I'll chime in with a few thoughts. I worked in a commercial greenhouse after school in HS and some in College so maybe 5 years part time experience.

The first thing you will notice with a plastic covered greenhouse like that is the condensation can be pretty bad some days. You go inside and you feel like its raining. On our plastic covered greenhouses we solved that by adding a second layer of plastic and using a small blower fan to inflate the two pieces of plastic--kinda like a bubble. You leave the blower on all the time (think "Bouncy House") A very small blower will work for your setup, Our houses were 120 feet long and we used a smaller blower not much bigger than a hair dryer for ours. 

The second thing is you will need to install some form of fan to pull air through the house end to end. Otherwise it will become stifling in there in the Tennessee summer and your plants will die. We used a pair of big 48" box fans on either side of the door and had corresponding louvered vents on the other end. Obviously that's too much for your little house, A $10 box fan from Walmart will probably do the trick for you. But you WILL need something to push some air through the greenhouse on a hot day. 

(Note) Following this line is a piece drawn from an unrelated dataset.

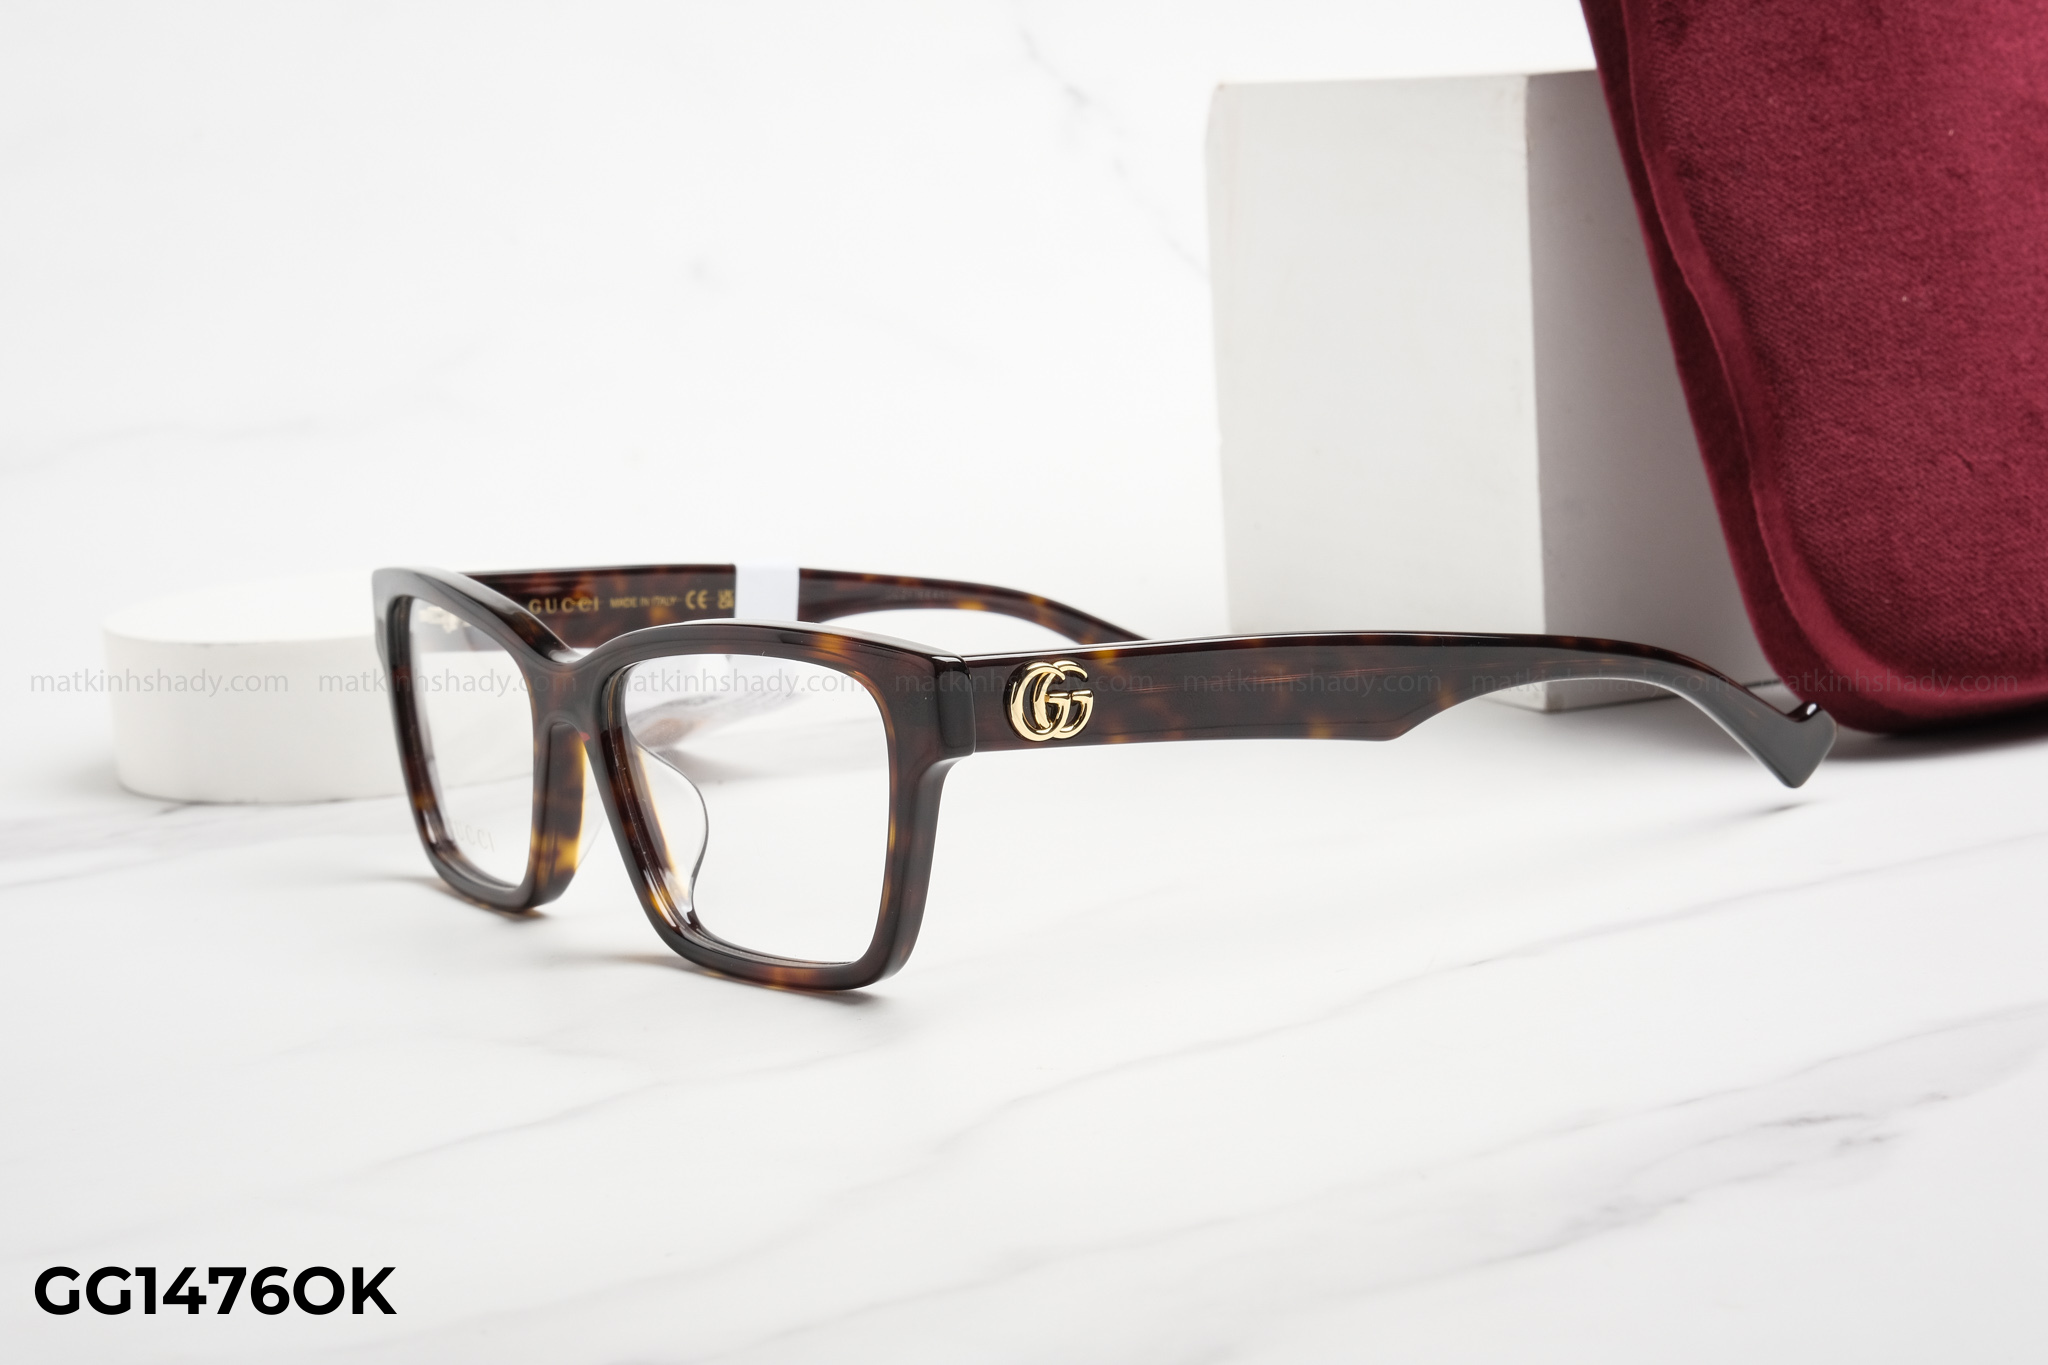  Gucci Eyewear - Glasses - GG1476OK

Lastly, you might want to think about some artifical heat for the February/March months. It too cold to start seeds in an unheated greenhouse in Feb/Mar even in mild temps. You need to have a mid 60's to 70's temp range for optimal seed sprouting/growth.


----------



## Potato42 (May 12, 2011)

Thanks Jeff. The greenhouse film we got does well with condensation. It actually has an inside and an outside, so the material is slightly different somehow. It's worked very well. Since it's hot we usually leave both doors open in the day and with a light breeze it's not too bad. A fan could make a moderate improvement on some days but we're not there yet. Winter is still far off so we have time to figure out what to do before then.

Another project I'd really like to undertake is a wood gasifier, so that might be able to help heat the Ghouse.


----------



## rahimlee54 (May 12, 2011)

Thanks for the info guys, I am sure at some point I'll have one around that size just to tinker with.


----------



## Tristan (May 13, 2011)

I live in an apartment around the size of that greenhouse... Damn the lack of space in singapore. 

Almost 6 million people living on an island 30miles long and 15.5miles wide


----------



## 99Limited (May 15, 2011)

Tristan said:


> I live in an apartment around the size of that greenhouse... Damn the lack of space in singapore.
> 
> Almost 6 million people living on an island 30miles long and 15.5miles wide



Shoot my dog house is bigger than that. I just wish it was even bigger when I do something that gets me banished to it.


----------